An autonomous wireless sensor based evaluation system has been developed by Micropelt GmbH and STMicroelectronics (STM) jointly.
The evaluation system, also known as ‘TE-Power NODE evaluation kit,’ integrates the thermogenerator of Micropelt and the solid state type of thin film battery of STM as a energy storing system for pulse current and power backup. Charge monitoring and power management circuitry connects up to the graphic user interface software through a wireless link that operates on 2.4 GHz.
The product will be showcased at the Sensor and Test 2010 held on May 18 to 20, 2010 at Nuremberg, Germany.
The kit has a thermoelectric generator (TEG) that leverages the Seebeck Effect phenomenon wherein heat flux generated due to a difference in temperatures over a thermoelectric micro-structured layer results in generation of electric power. The TEG is able to generate 1.4V from an effective 10 degrees C gradient. The customized power conditioner of Micropelt transforms this voltage into adequate power for charging a battery via excess thermal energy, besides driving the wireless sensor node.
Energy harvesting results in generation of useful electrical energy through freely existing sources like heat, light or vibration. It is an essential component of self powered wireless sensors in buildings, which do not need battery maintenance. Currently the trend is for increased utilization of wireless sensors, more so in applications like smart buildings, conditioning monitoring and process automation. The wireless sensor networks can generate advantages immediately, including easy installation in earlier inaccessible locations and avoiding expensive sensor wiring. An intelligent environment technique, on the other hand, involves mounting a large quantity of sensors at every useful point of measurement. Parameters like vibration, pressure and temperature sensed by these sensors are transmitted wirelessly to a monitoring and control system.

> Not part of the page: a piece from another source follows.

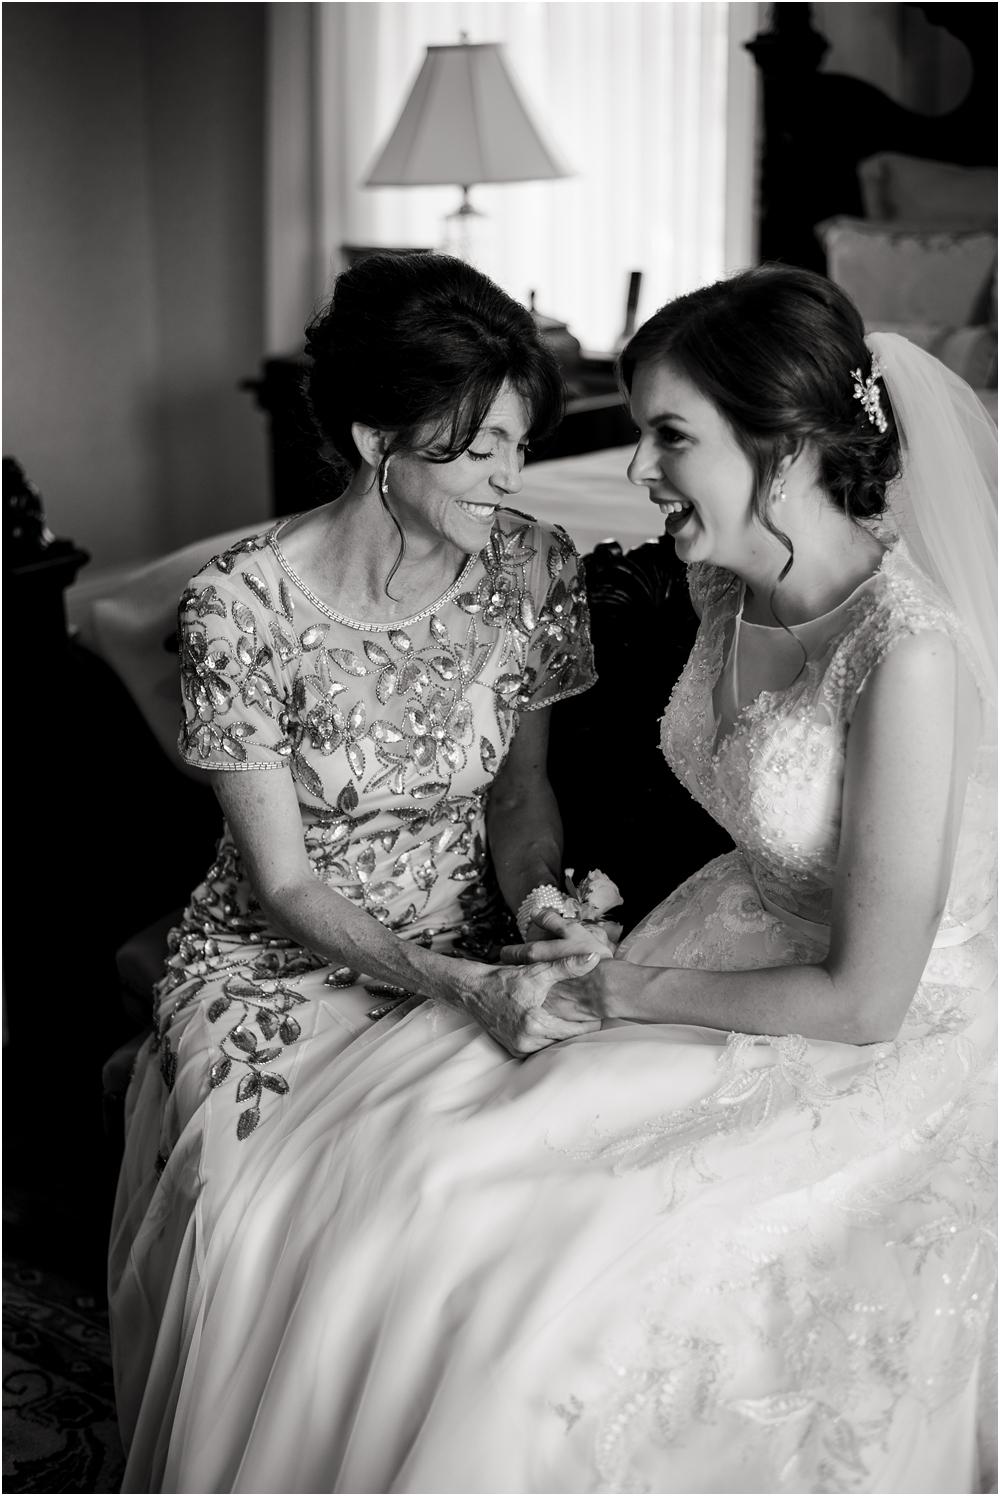 marianna-florida-wedding-photographer-kiersten-grant-108.jpg

STM has designed the battery board that incorporates the electronic circuitry and the EnFilm battery. This circuitry monitors and controls the energy balance and the battery charge level. A BiCMOS linear regulator that is designed particularly for functioning in low power consumption constrained environments and a battery management chip that tracks battery temperature, current and voltage are also included in the board. A Coulomb counter in the circuitry monitors the charge/discharge status.
The evaluation kit’s wireless sensor module was designed by Micropelt for establishing a low power, versatile link to the TE-Power SCOPE, a graphical user interface. The software helps to display and log the essential electrical and thermal parameters, besides a continually recorded power balance between the EnFilm battery and the TEG. The user will be able to evaluate the EnFilm-buffered thermoharvestor through the software for the required application, resulting in system design and faster time to market.